Exercise description: The whole listing, except its pictures, is to be repeated exactly.

Data:
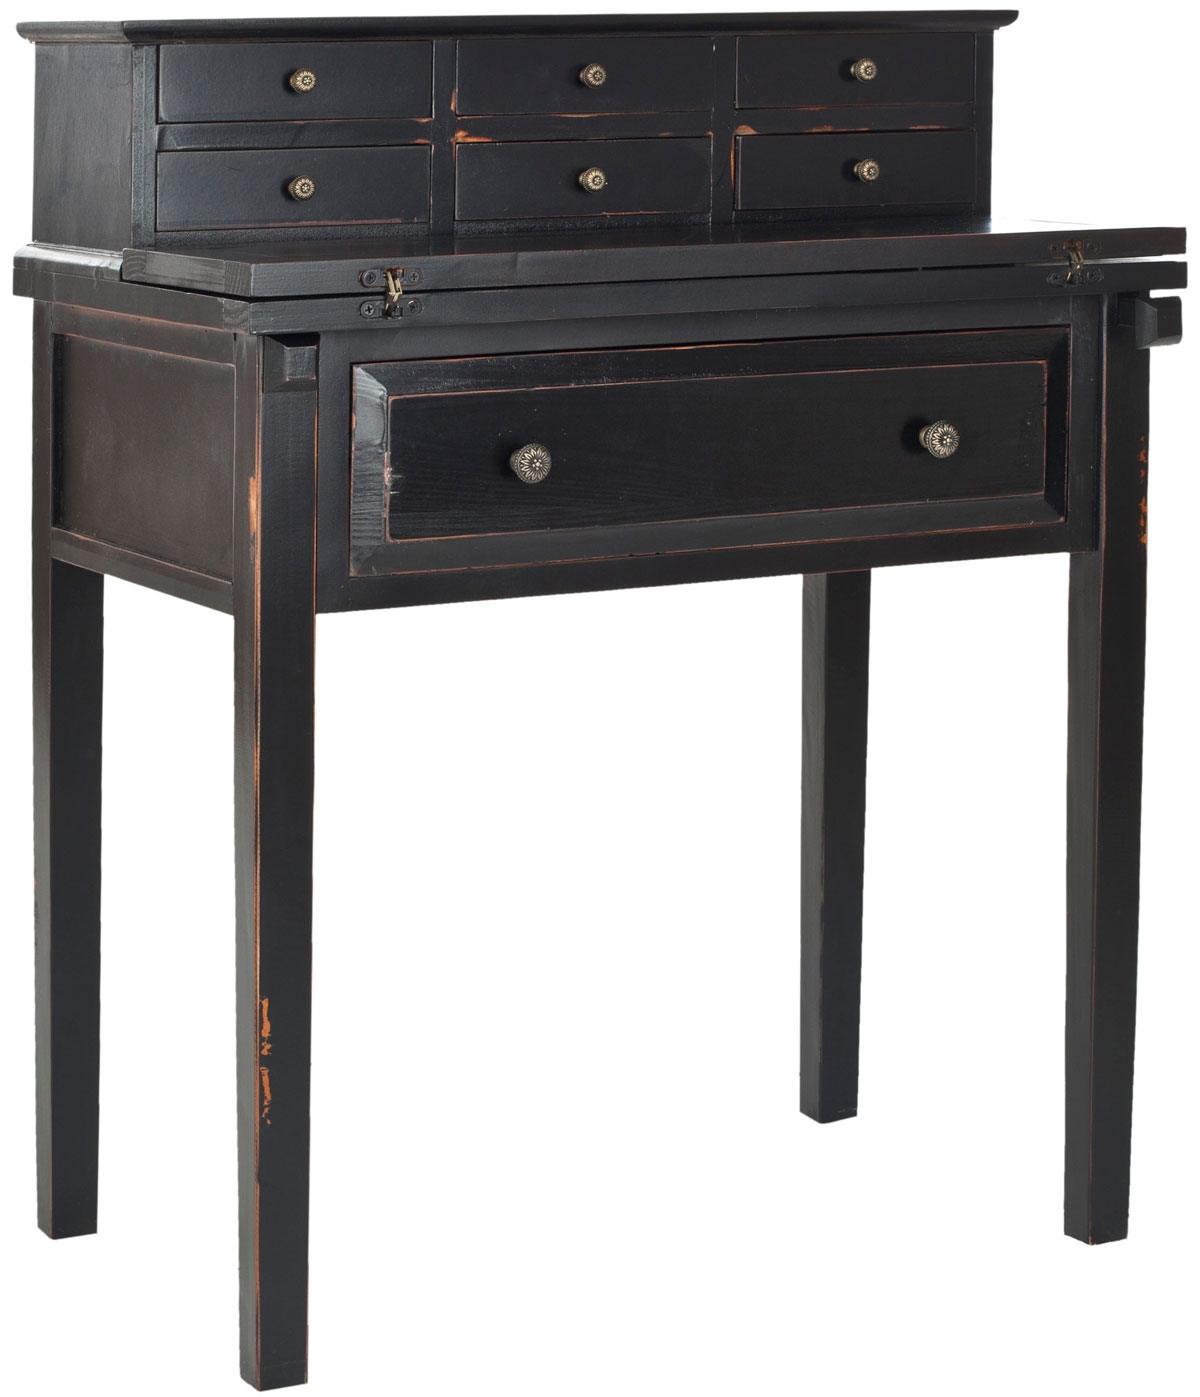 Abigail 7 Drawer Fold Down Desk - Distressed Black - Arlo Home - Image 2
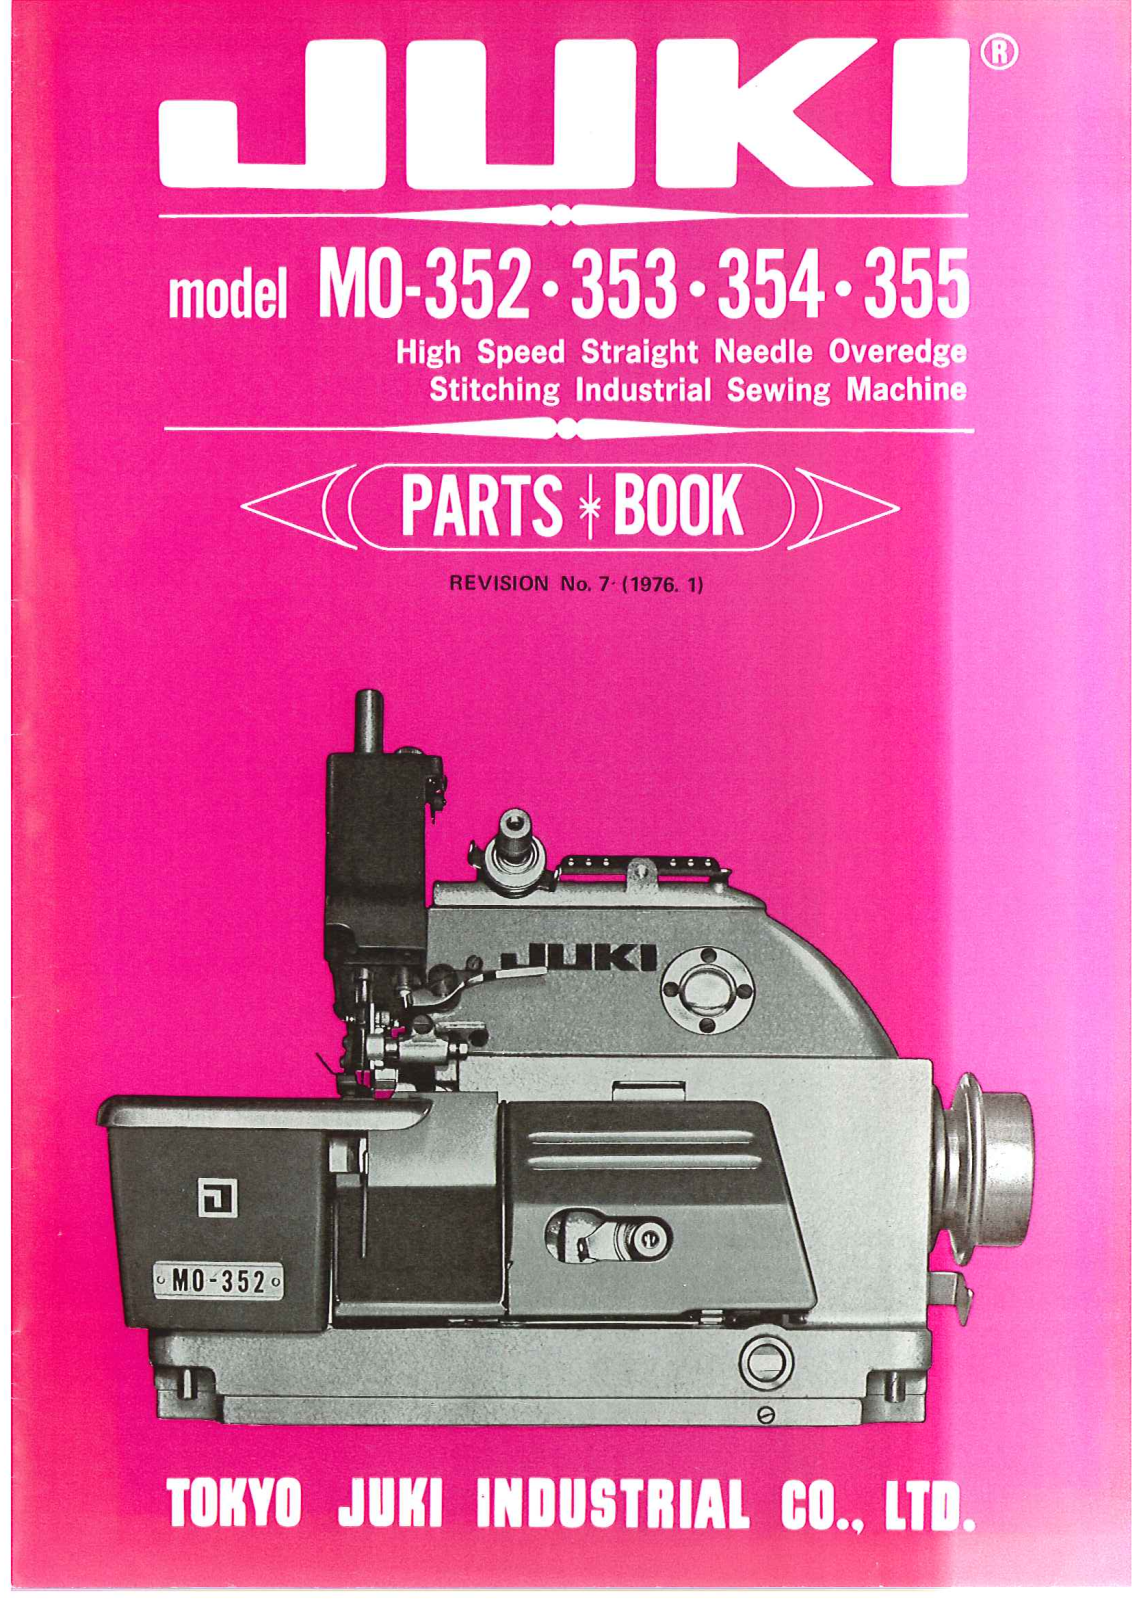 Juki MO-352, MOG-353, MOG-354, MOG-355 Parts List
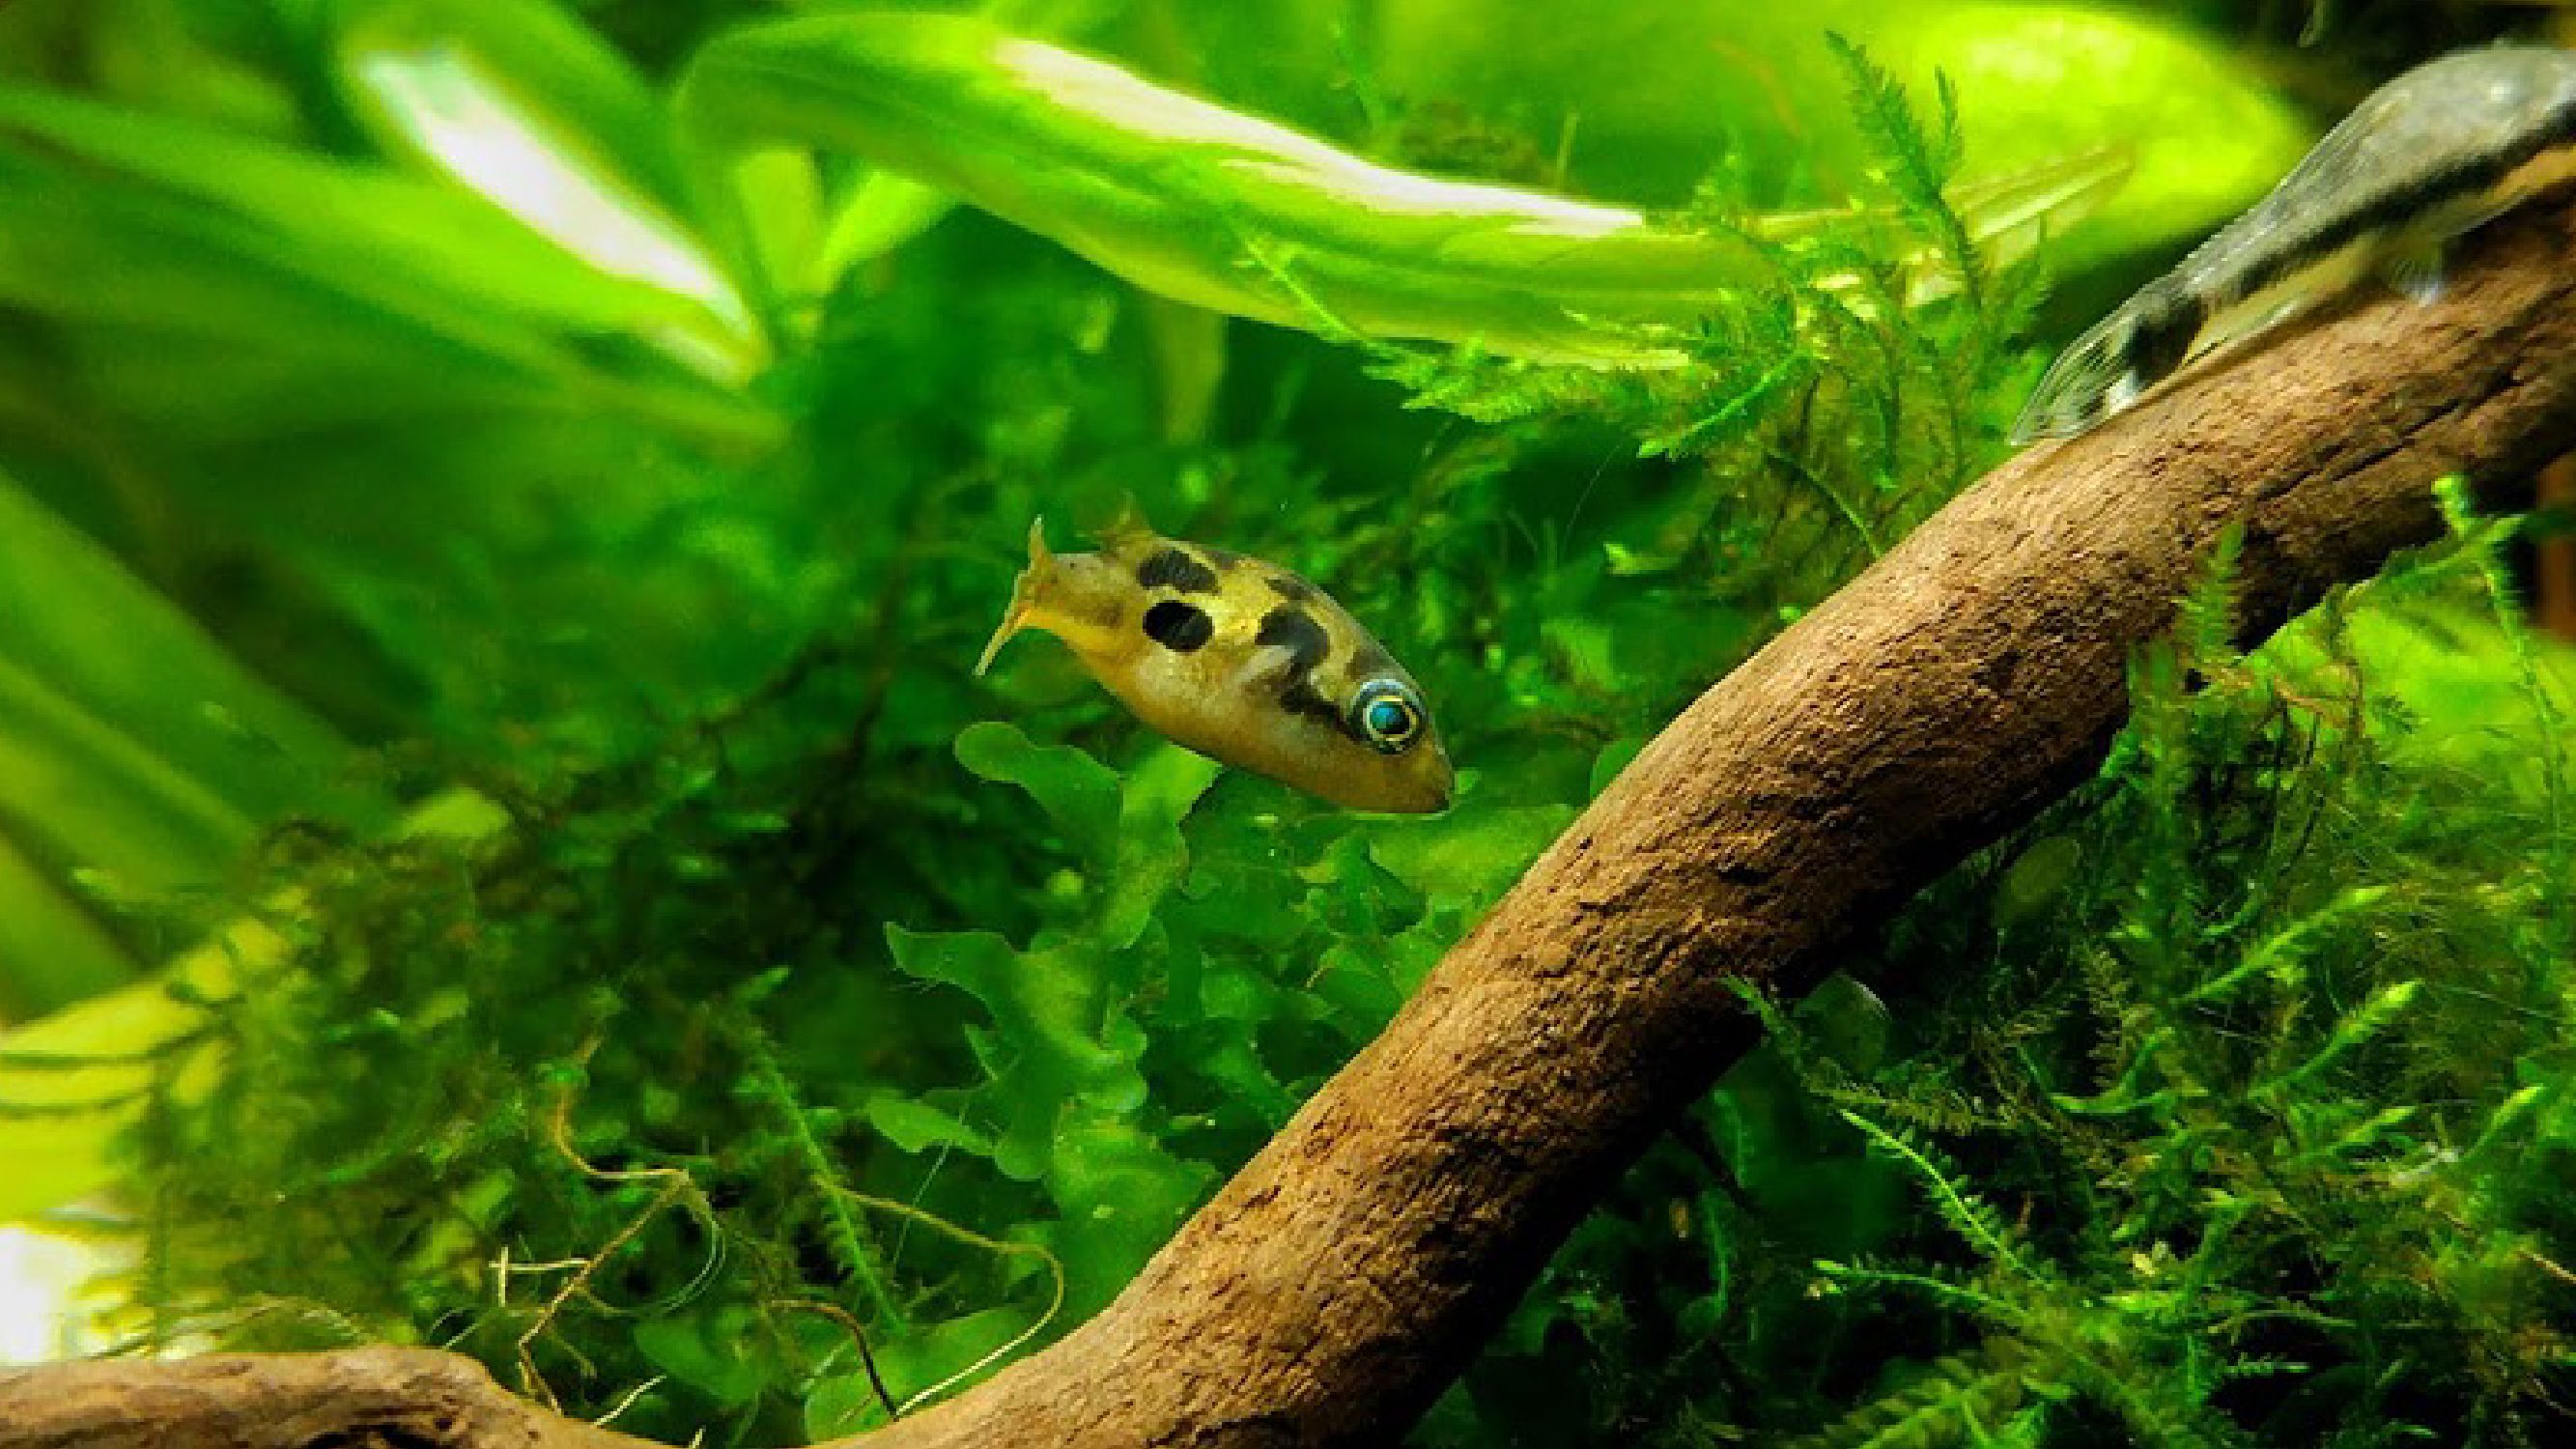 pico tank fish freshwater

Problem solution:
 Abigail 7 Drawer Fold Down Desk - Distressed Black - Arlo Home - Image 2
 Juki MO-352, MOG-353, MOG-354, MOG-355 Parts List
 pico tank fish freshwater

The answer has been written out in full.